Given records:
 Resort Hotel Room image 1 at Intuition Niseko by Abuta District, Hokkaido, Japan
* * *
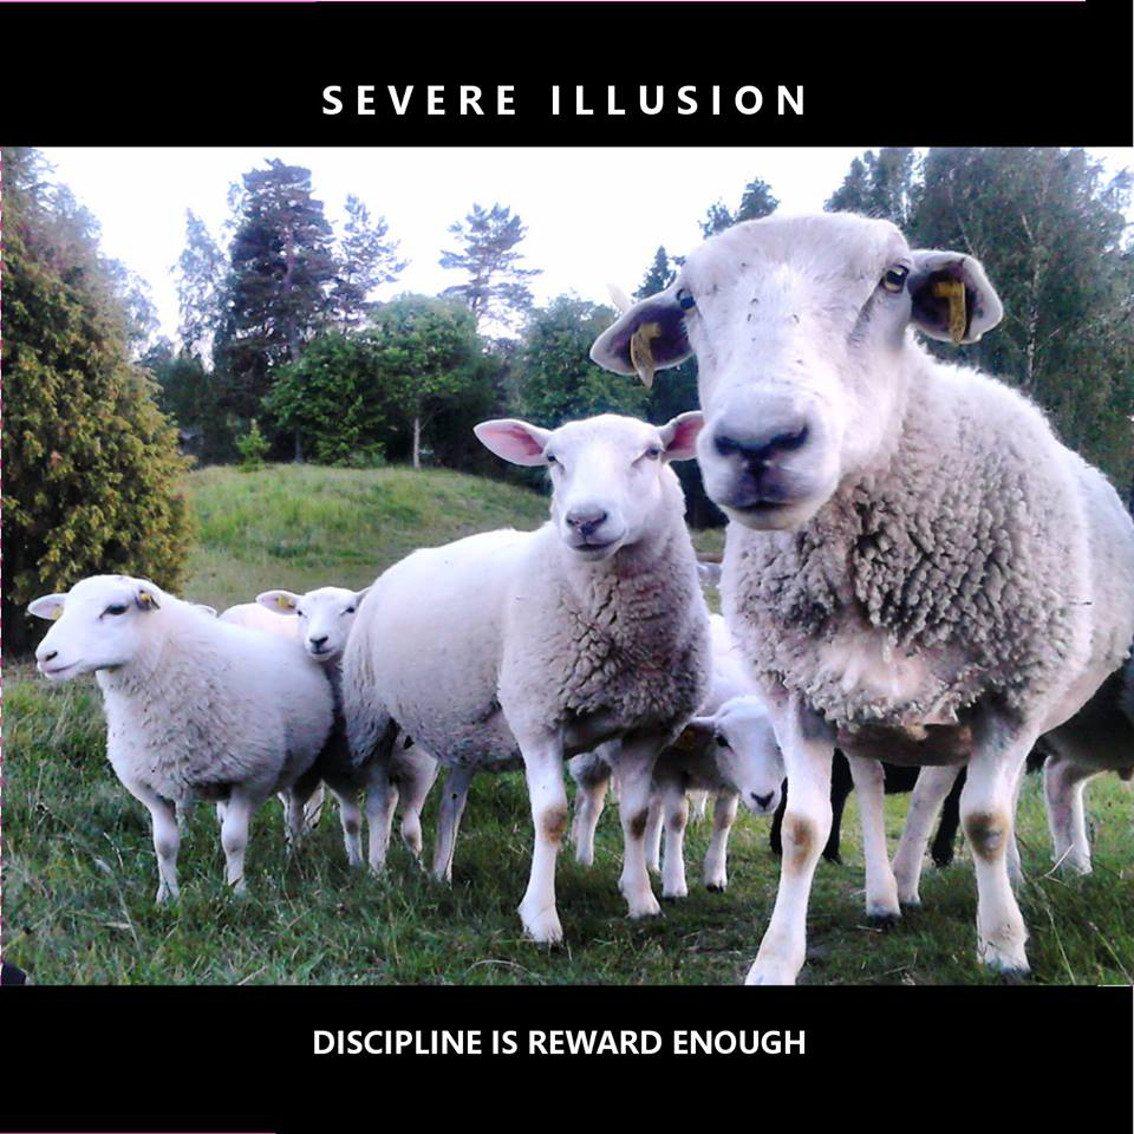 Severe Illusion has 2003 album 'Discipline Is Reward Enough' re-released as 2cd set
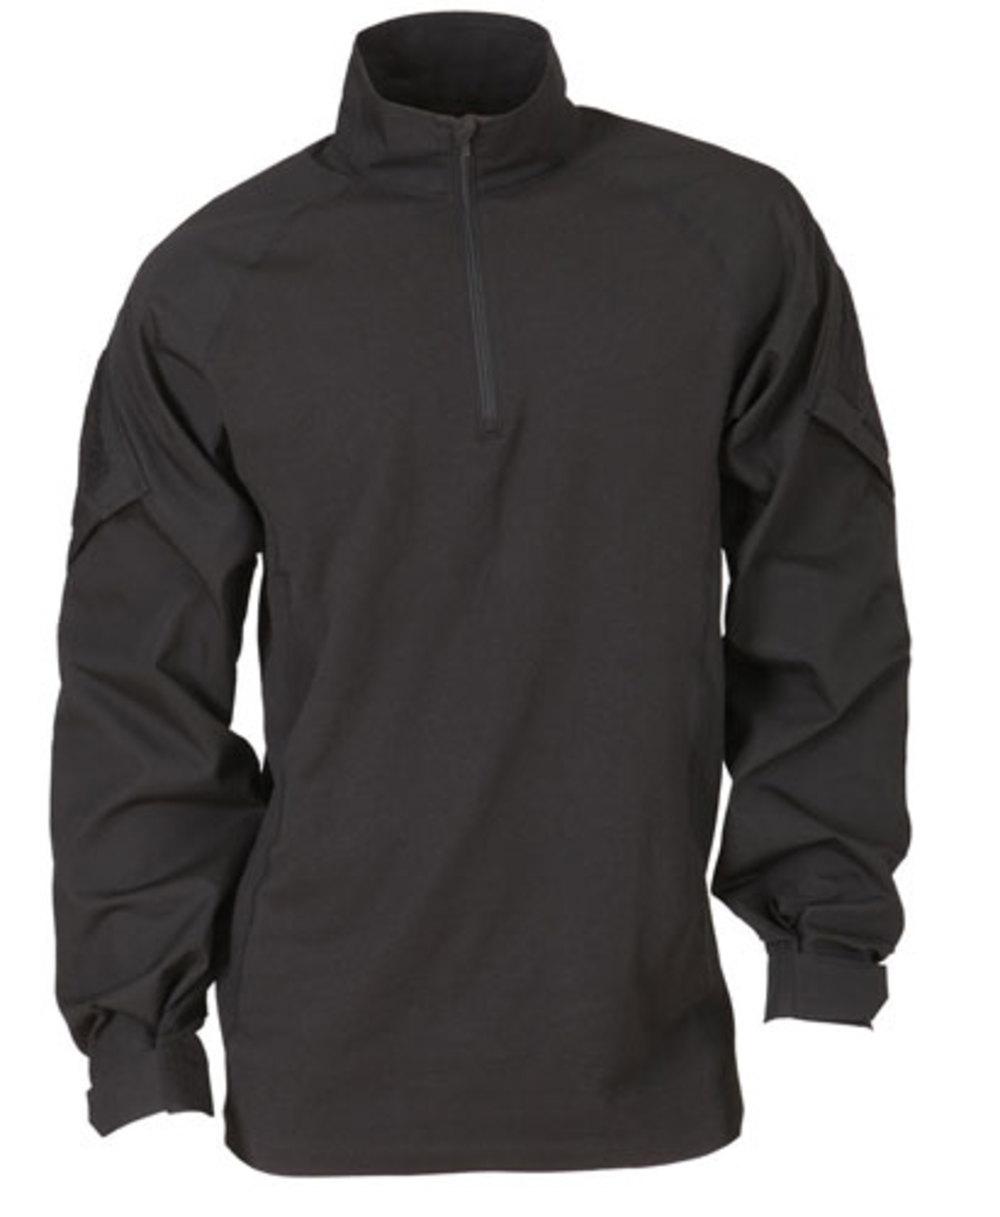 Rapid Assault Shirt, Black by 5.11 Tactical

Task goal: Reproduce the data above exactly, but only from the line containing "Severe Illusion has" through the line containing "Rapid Assault Shirt, Black by 5.11 Tactical". Omit all pictures.

Written solution:
 Severe Illusion has 2003 album 'Discipline Is Reward Enough' re-released as 2cd set
 Rapid Assault Shirt, Black by 5.11 Tactical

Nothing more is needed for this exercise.